We were inspired by recent OpenAI and DeepMind advancements in reinforcement learning (RL). Specifically the recent hide-and-seek demonstration in addition to the now infamous AlphaZero demonstration peaked all of our curiosities in such a way as to motivate us to want to learn more about RL. We thought taking a simplified toy-problem in a similarly ambitious field (i.e. space exploration) would be an interesting challenge for the team.
What it does
We have two simulations: a lunar and an earth simulation. The lunar simulation replicated the moon's gravity. The reward function is designed so that there is a large reward for landing on the central platform, but also a moderate reward for landing anywhere else on the map. This encourages behavior that leads to safe descents regardless of where which helps encourage smarted path searches early in training. The earth simulation was far more challenging.
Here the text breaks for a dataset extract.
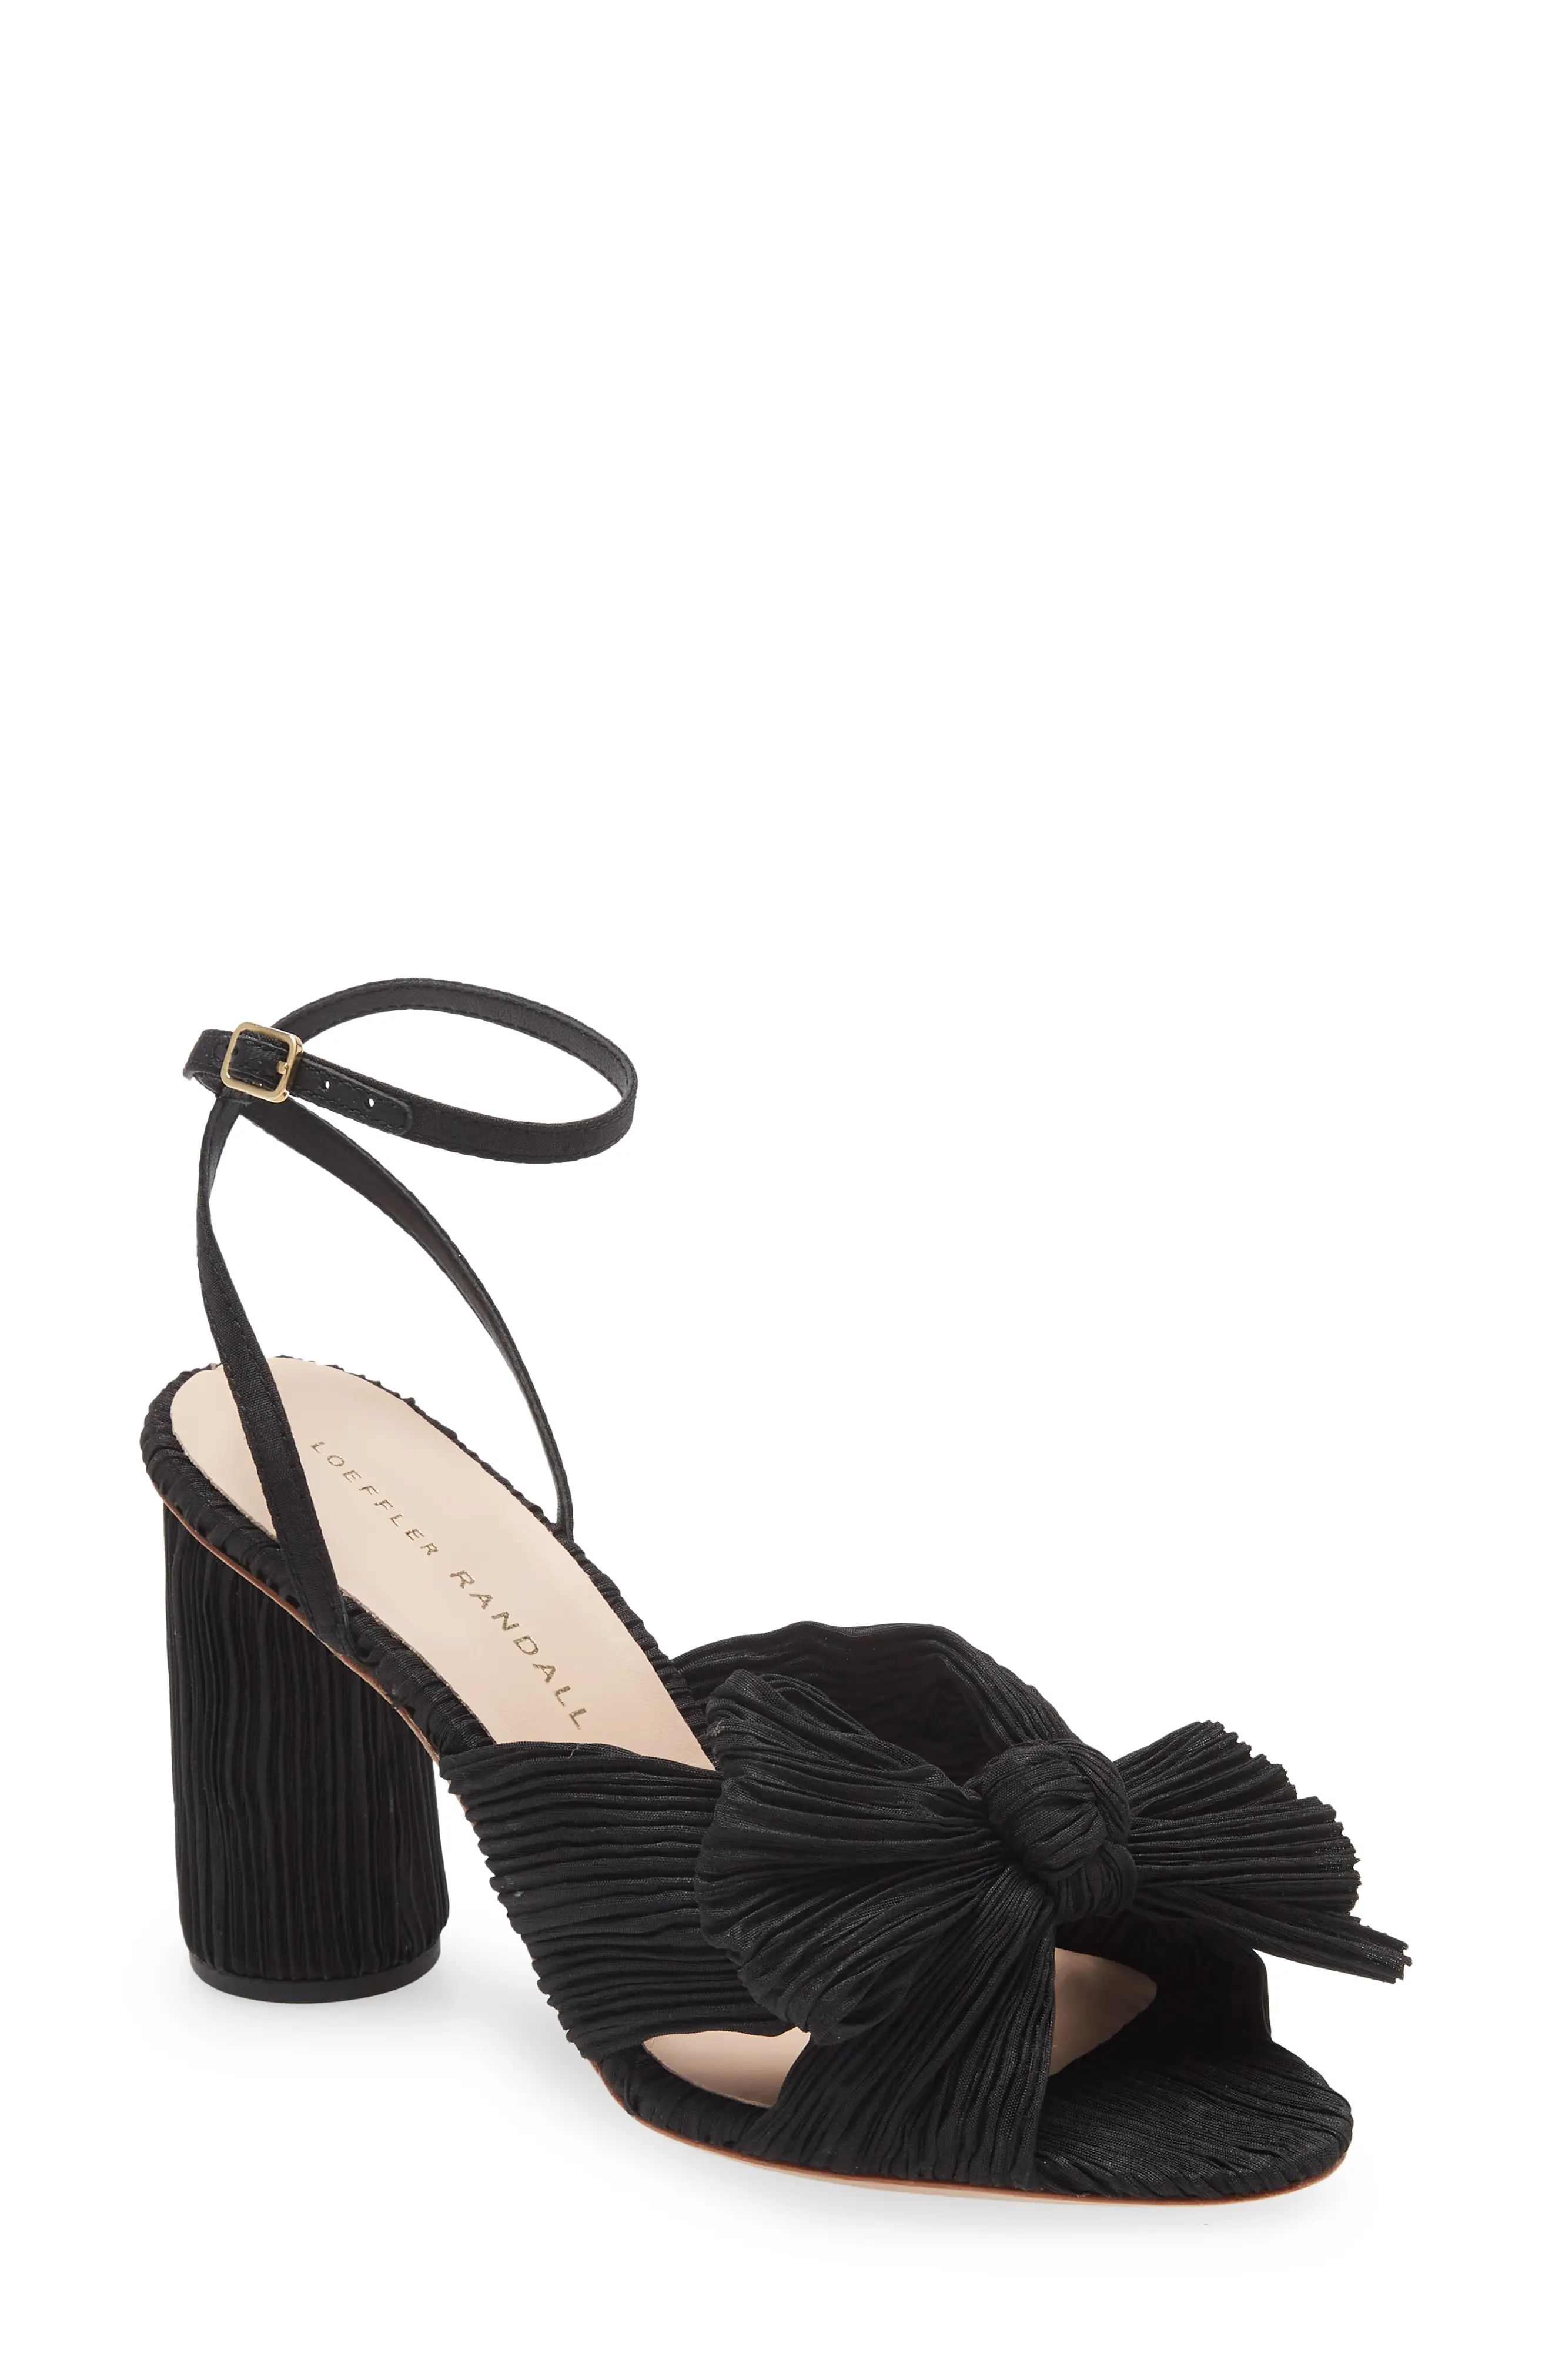 Loeffler Randall Camellia Knotted Sandal, Size 5 in Black at Nordstrom | Nordstrom

In addition to earth's increased gravity (and therefore more fuel required for a safe landing which costs reward points), we added air resistance, random wind fluctuations and, crucially, made the platform much more narrow. The platform in the earth environment was surrounded by water instead of solid land like in the lunar environment. This meant that reward was only given out for near-perfect landings, rather than landing at all. In the end, DQN proved sufficient for both environments.
How we built it
Using the OpenAI Gym background, we implemented a DQN reinforcement learning algorithm from the RLib library. We trained both the earth and the lunar lander on our local machines. Our exploration factor decreased linearly with time so as to not get stuck in local optima while also taking a reasonable amount of computational resources. We additionally tweaked the OpenAI lunar lander gym to better simulate SpaceX-like landing conditions.
Challenges we ran into
Initially, the original DQN implementation we were using (stable-baselines) was not training well in either environments. We decided to opt for a different implementation of DQN, namely, RLib. This solved the initial problem
Accomplishments that we're proud of
Both the Earth and the Lunar lander trained models converged around the Gym maximum possible reward despite random initial conditions.
What we learned
The basic structure of DQN reinforcement learning algorithms. The difficulties in training RL models (variation from initial seed initialization, variance between different library implementations, etc.) We also learned that the difference between different implementations of the same algorithm can vary greatly in performance.
What's next for LunarLander-v2
Transfer learning. We want to take the trained model from the lunar lander and see how it fares under the earth lander environment. We also want to compare transferring the model from one environment to another with slightly training this transferred model. This would help show us how much training a pertained model would actually affect the transfer learning efficiency.